Латгальский крест — страница 51 из 56

Я добрался до Русского кладбища, к воротам подъезжать не стал. Там уже стоял кривобокий автобус и несколько дряхлых легковушек. В ржавом заборе не хватало прутьев, я пролез и пошел вдоль холмов и оград, крашенных серебрянкой. Трава доходила до колена, над крапивой кружили жирные шмели. К облупившимся фанерным обелискам были приделаны пропеллеры, дюралевые модели истребителей, просто красные звезды. Из керамических овалов на меня смотрели лейтенанты и капитаны, некоторых я помнил. Кирсанов разбился при катапультировании, Миша Донцов утонул. Отец Гуся тоже лежал тут. Я вдвое был старше каждого из них.

На могиле матери стоял простой деревенский крест, ни фотографии, ни имени, только деревянный крест – и всё. Рядом зияла яма. Справа высилась гора песка, вперемешку с черным грунтом, из нее торчали две лопаты с отполированными рукоятками. Тут же, в затоптанной траве, лежал на боку фанерный обелиск с моей фамилией, набитой черной краской по трафарету. Буква «р» подтекла и стала похожа на ноту. Я забыл, насколько звучна моя фамилия; четверть века она не означала ничего, кроме набора звуков смутно славянского происхождения.

Вдали ухнул барабан, за ним нестройно завыли трубы. Возникло почти непреодолимое желание исчезнуть. Я бы согласился сейчас очутиться в любом другом месте; где угодно, только не здесь. Вместо этого я лишь отошел в сторону. Покорно слушал, как неотвратимо приближается пугающая какофония.

Над кустами показался гроб, обтянутый красной материей с черной бахромой. Он плыл, покачиваясь, а после из-за орешника появились и люди. Толпа оказалась гораздо многочисленнее, чем я ожидал. Во главе процессии незнакомый кособокий старик нес атласную подушку с медалями. На флангах, как македонские щиты, двигались венки с астрами, гвоздиками и прочей гробовой флорой.

Брата я узнал сразу. Высокий жилистый мужик в дрянном костюме – скуластый пролетарий, он был похож на монтера после отпуска на юге: большие загорелые руки, седой ежик, коричневая шея; черный галстук на резинке съехал набок.

Валет тоже узнал меня, скользнул взглядом, не задерживаясь. Как просто и как банально. Кажется, целую вечность я ждал этого момента, трясся от страха и ненависти, точил клыки и когти, жаждал вцепиться и растерзать. Вырвать кадык из горла, сердце из грудной клетки, печень из брюшной полости… И вдруг – ничего! Безразличие, пустота и усталость.
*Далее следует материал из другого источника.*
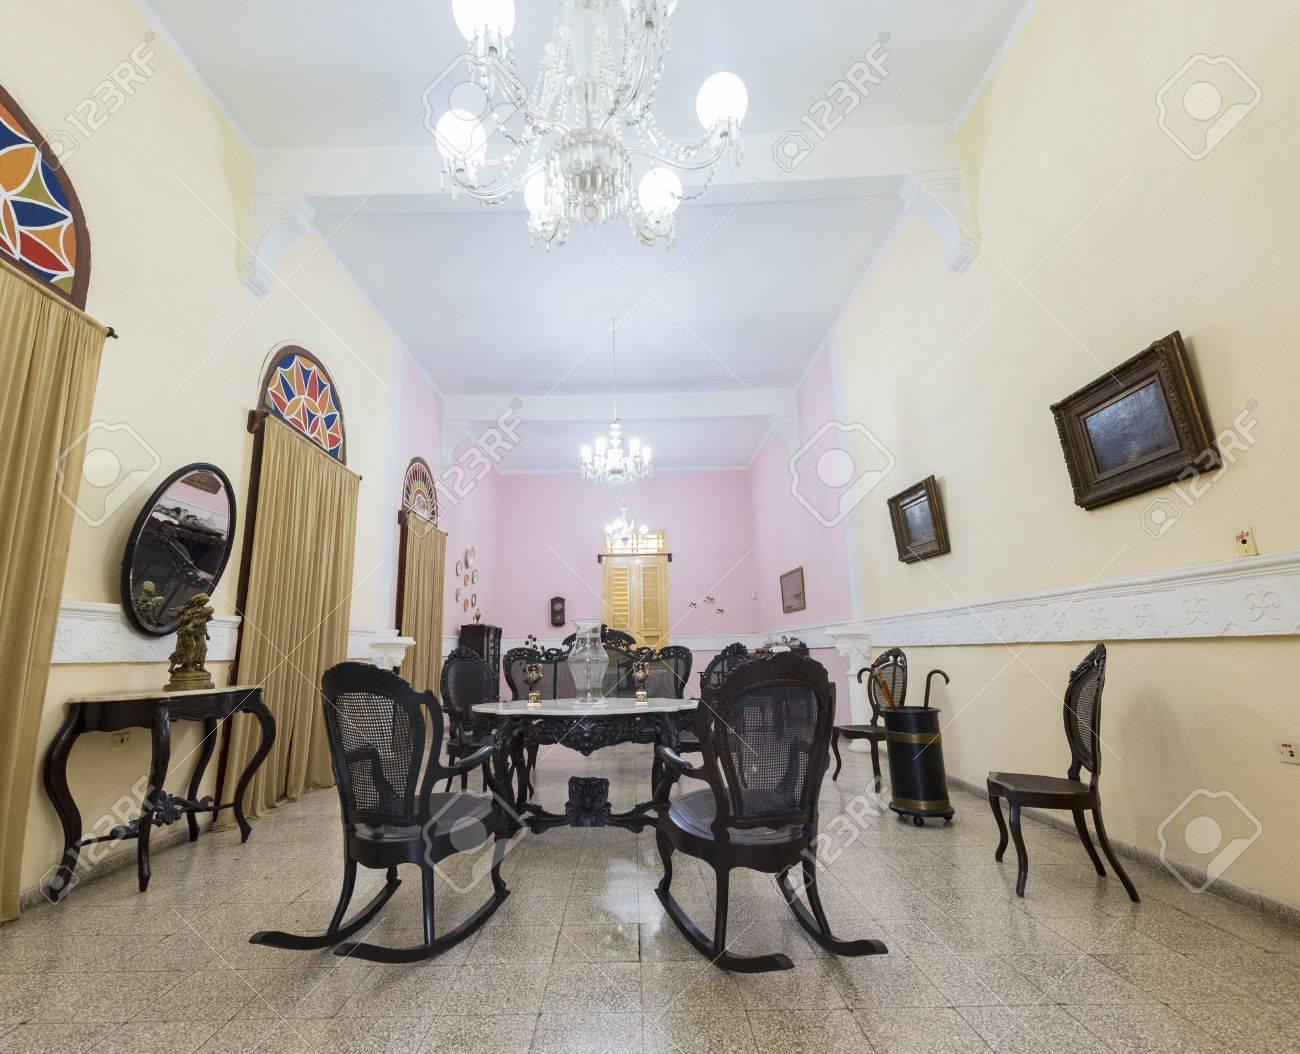 Spanische Koloniale Wohnzimmer Möbel Und Dekoration. Massive  Holzschaukelstühle, Typisch Für Kubanische Kultur. Standard

Гроб опустили на козлы, прислонили крышку. Я стиснул кулаки и осторожно заглянул внутрь. Лицо отца изменилось мало, лишь слегка усохло и отливало лимонным, а волосы даже не поседели. На покойнике была парадная форма с капитанскими погонами. Мне стало вдруг стыдно и неловко – за себя, за него, за этих неуклюжих старых людей: отца выперли в отставку, даже не дав майора.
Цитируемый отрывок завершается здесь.